In this paper, we propose a federated graph learning framework designed to enhance the security of the central server while addressing the issue of high communication overhead. This framework achieves decentralization by allowing local clients to maintain both a private model and a surrogate model, with the surrogate model facilitating communication between clients. Additionally, we incorporate local differential privacy during the training of the surrogate model. The local private model can compute similarity based on the received surrogate model, enabling the training of a more robust private model. Since the text frame employs one-to-one message passing and the parameters of the surrogate model are minimal, the communication costs are significantly reduced.

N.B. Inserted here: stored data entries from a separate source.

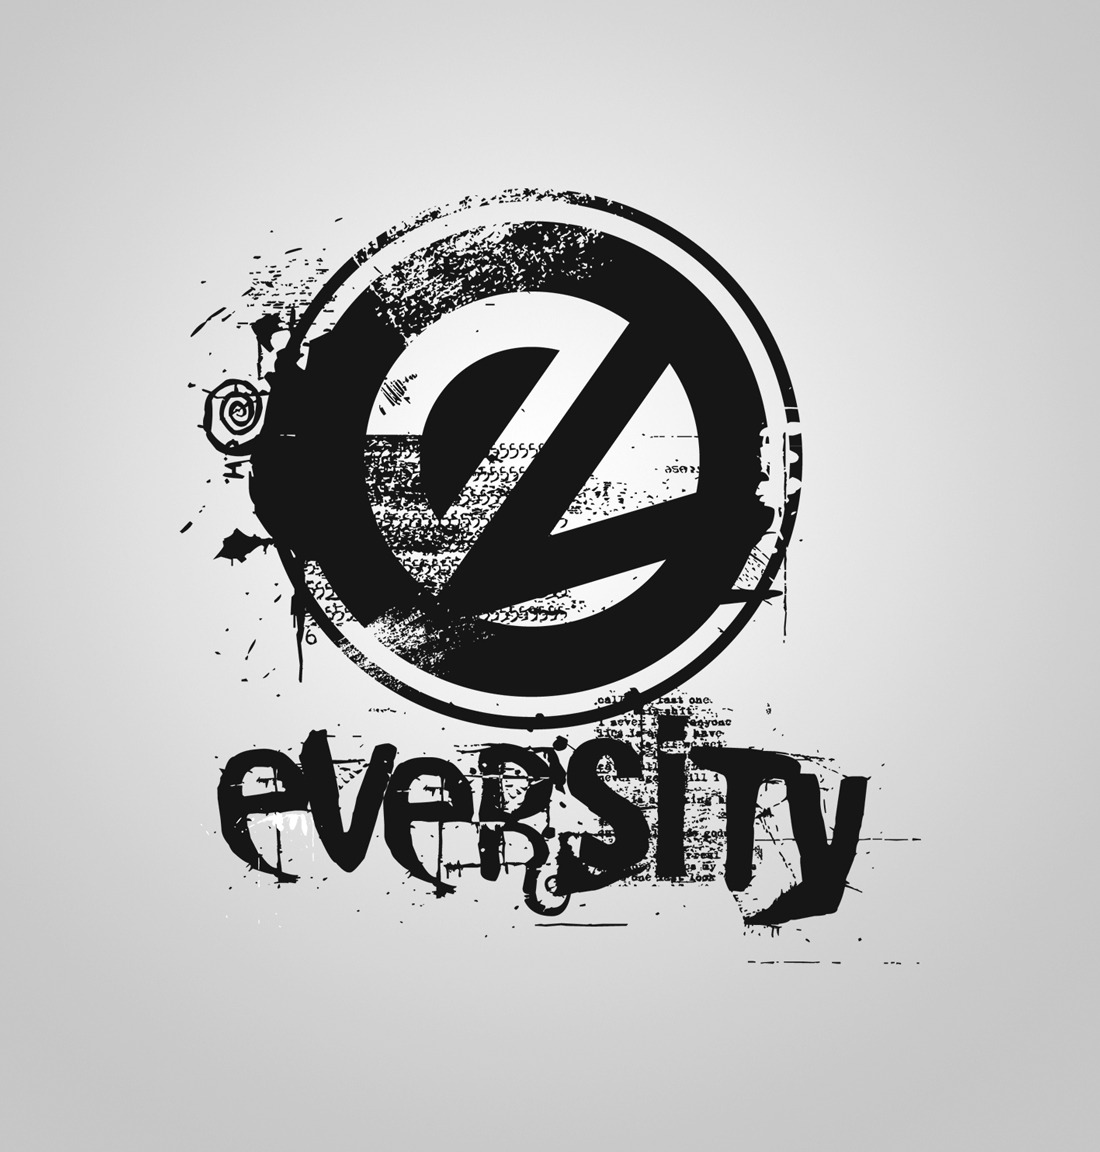 Logo design for local rock band Eversity...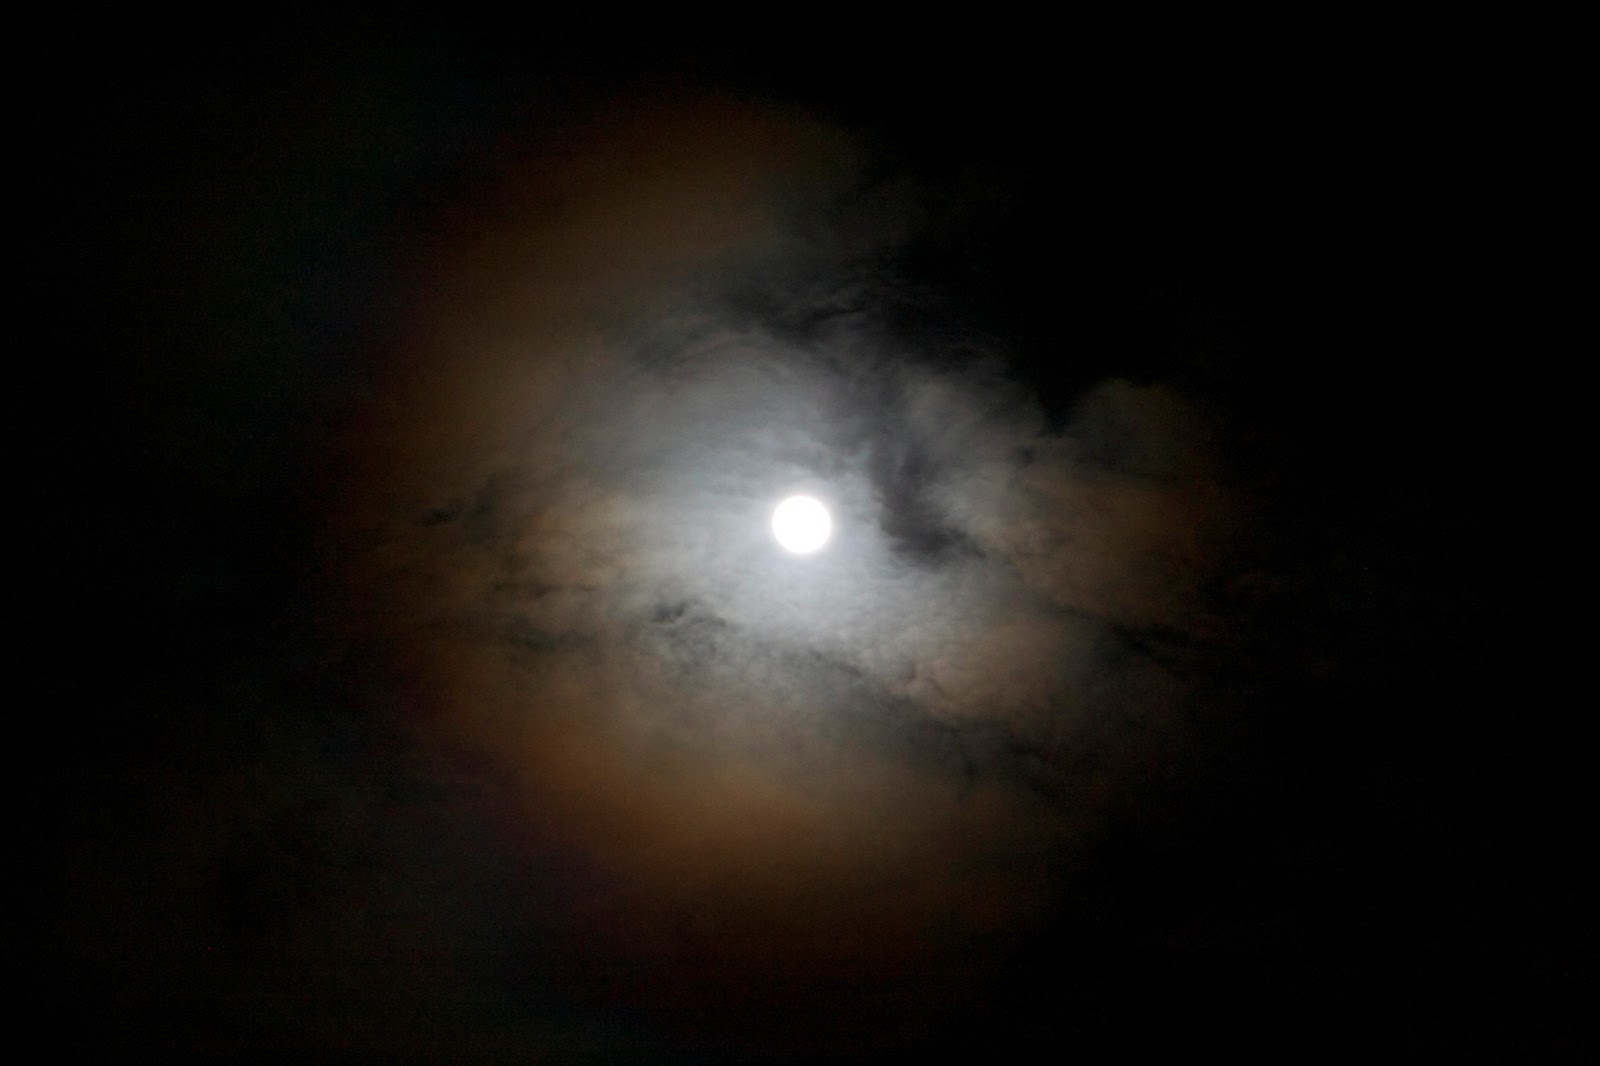 What's this ring around the moon tonight?? : r/cincinnati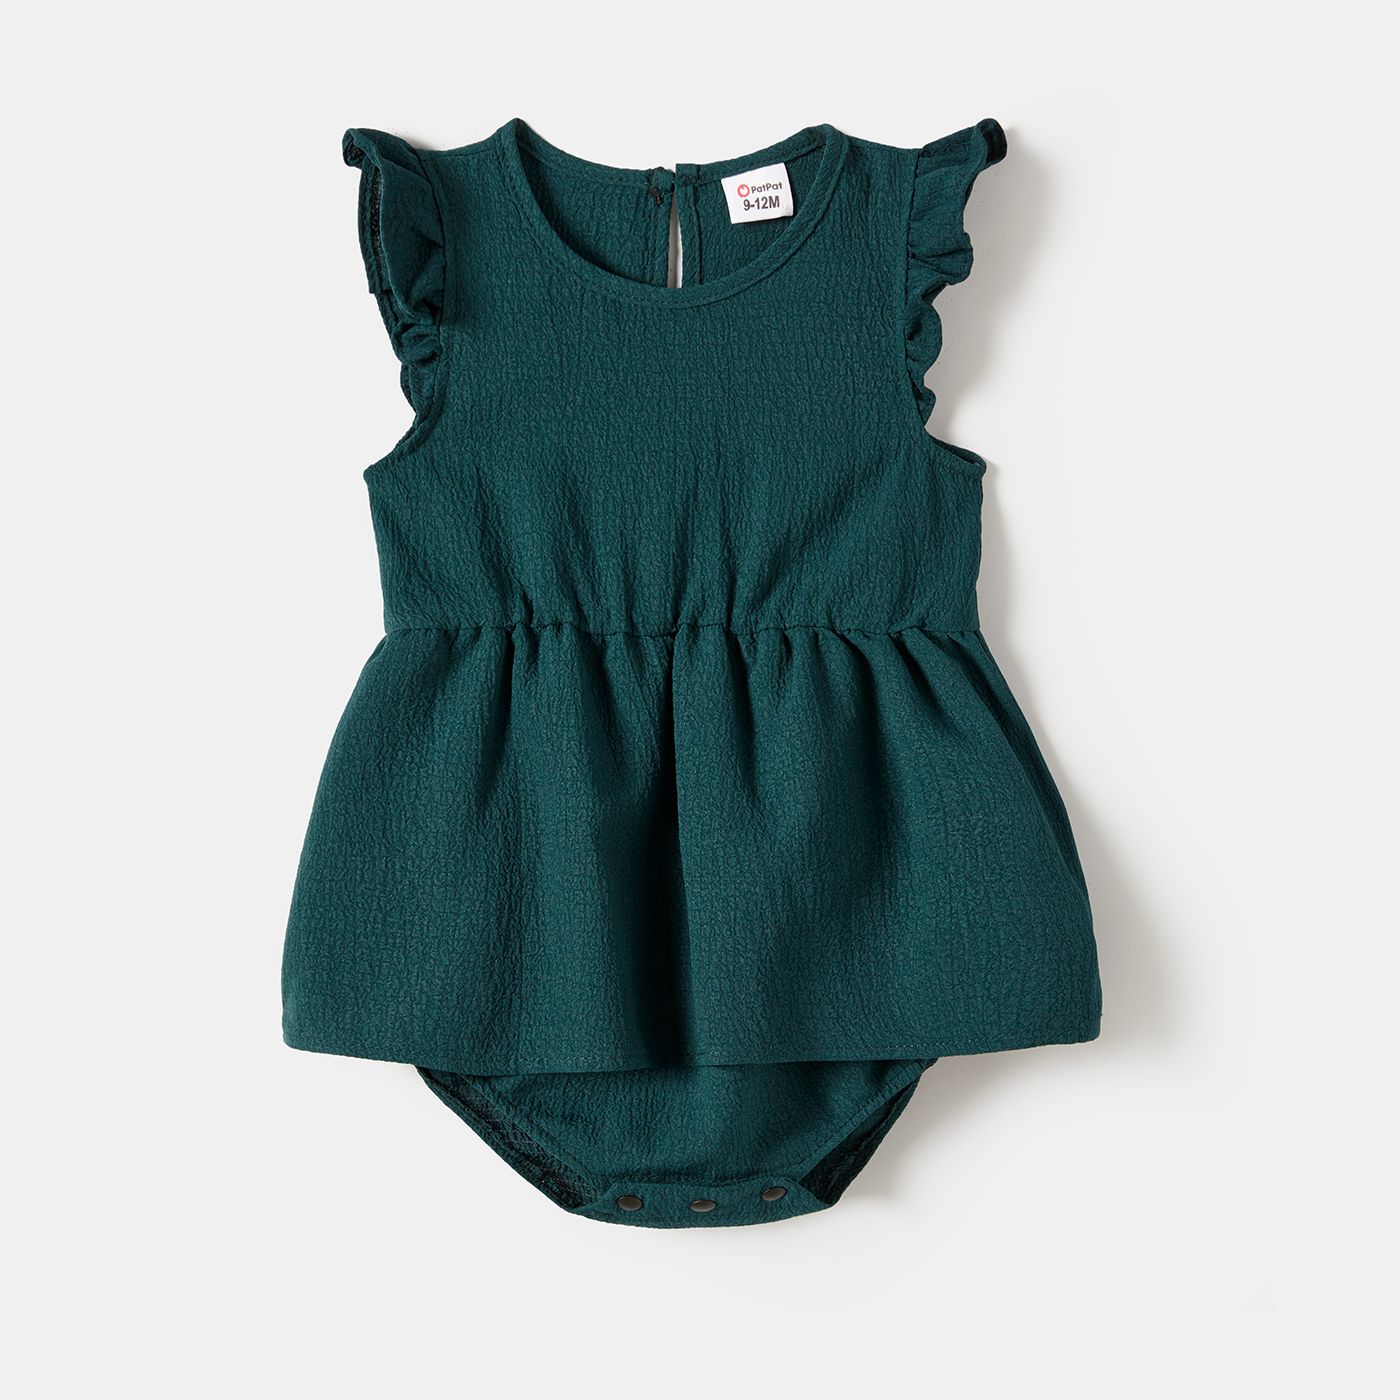 Family Matching Green Solid Color V-neck Belted Dresses And Color Block Short-Sleeved Tops Sets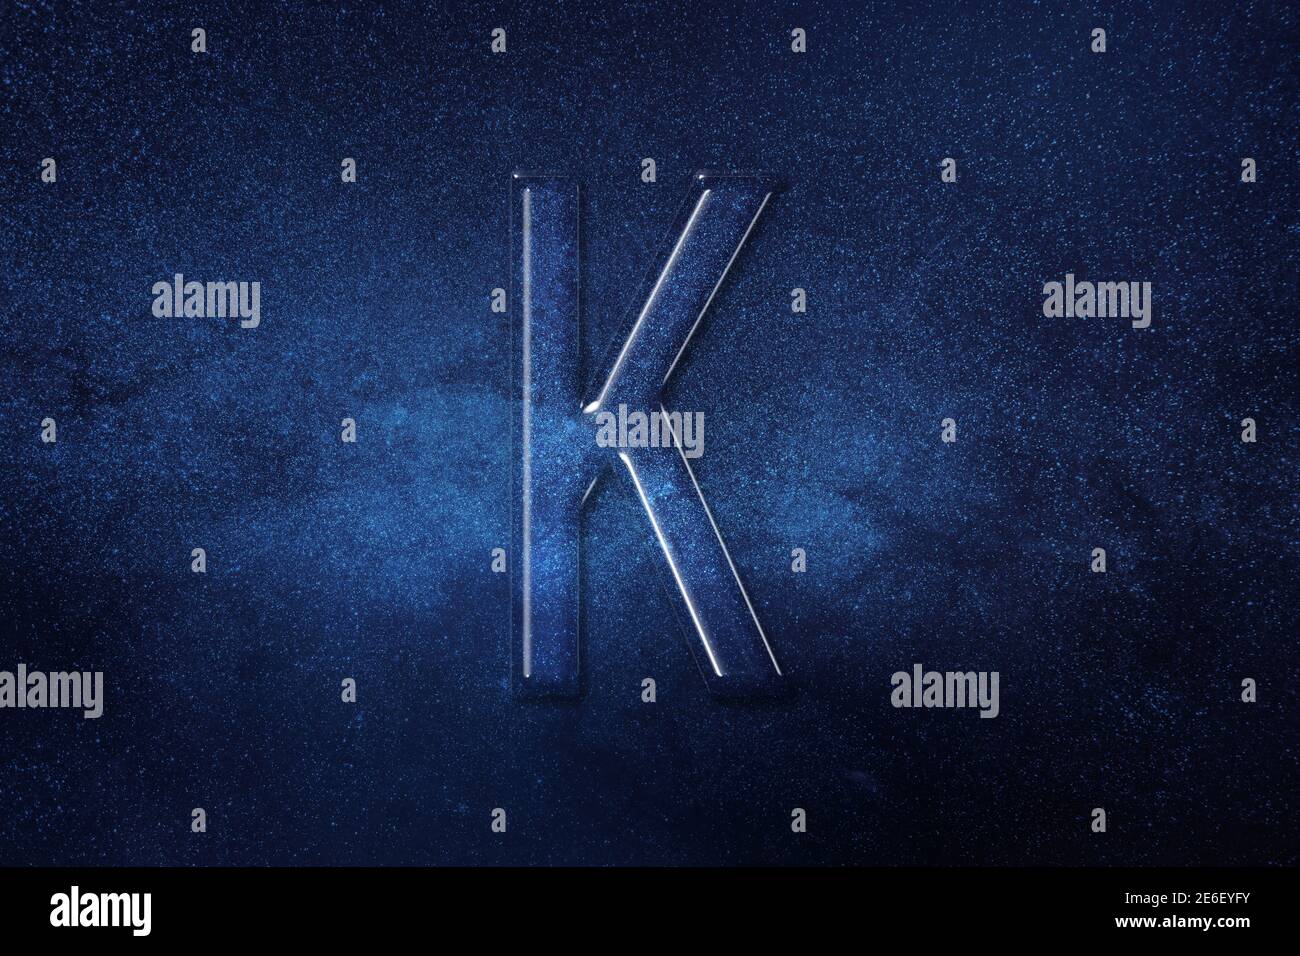 Kappa sign. Kappa letter, Greek alphabet Symbol, space background Stock Photo Alamy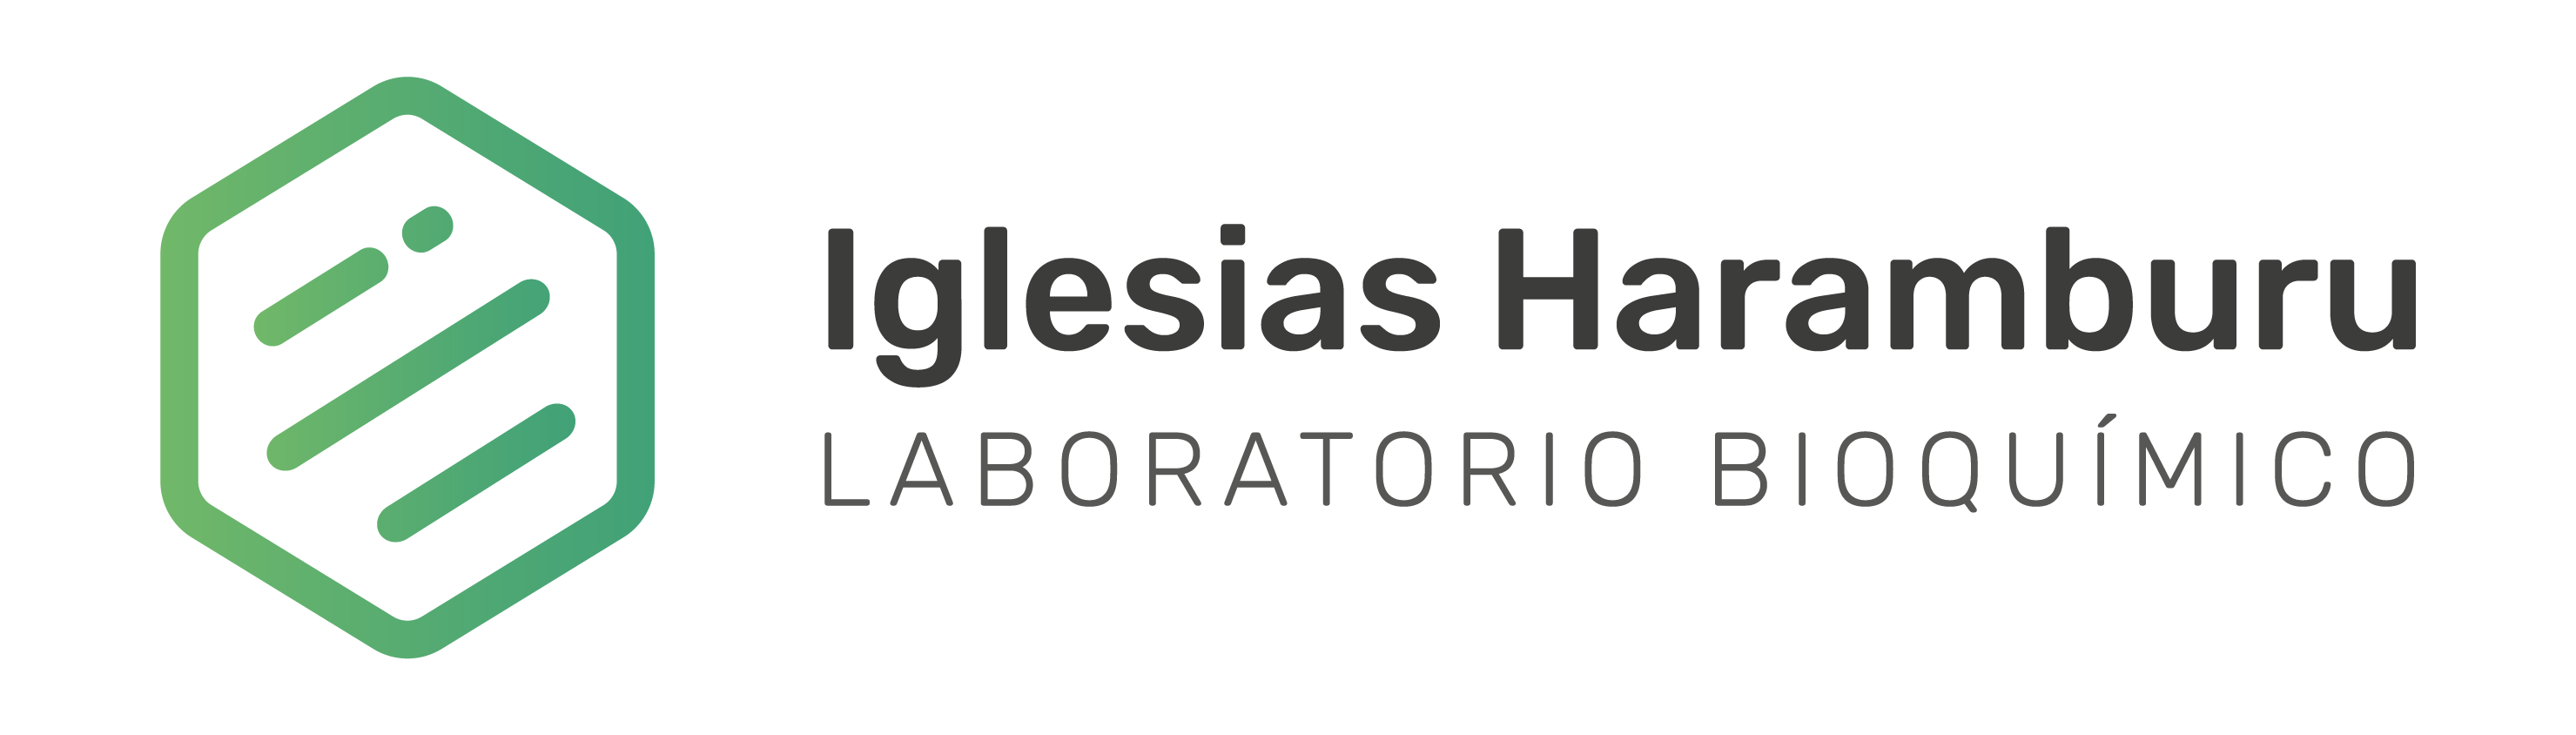 Laboratorio Bioquímico Iglesias/Haramburu

3 Definitions and FaS-Fed Design Implementation

3.1 Definition of Graph Neural Networks

Generally speaking, a graph consists of a set of n nodes and a set of m edges, with each node possessing a feature vector. The goal of GNNs is to learn the representation of the graph based on its structure and the features of its nodes. For instance, GNNs can learn a node-level representation vector for individual nodes or a graph-level representation vector for the entire graph. Existing GNNs typically employ a message-passing approach, where each node iteratively collects information propagated from its neighbors. Subsequently, it updates its representation by aggregating its own information with the collected data, effectively refining its representation by incorporating the representations of neighboring nodes. For an L-layer GNN, the representation of the L-th layer is defined as follows:

a𝒱(l)=AGG(l)({hu(l−1):∀u∈𝒩(v)})(1)

hv(l)=UPD(l)(hv(l−1),a𝒱(l))(2)

where hv(l) is the feature representation vector of node v’s output at layer L, where hv(0)=xv is initialized as the node feature, and 𝒩(v) is the set of adjacent nodes of node v: 𝒩(v)={u∈V|(u,v)∈E}. The AGG aggregates the neighbor features of node v, and the UPD updates the neighbor features of node v based on the previous representation of node v and the aggregated neighbor representation of node v. Different GNNS can adopt different AGG and UPD policies.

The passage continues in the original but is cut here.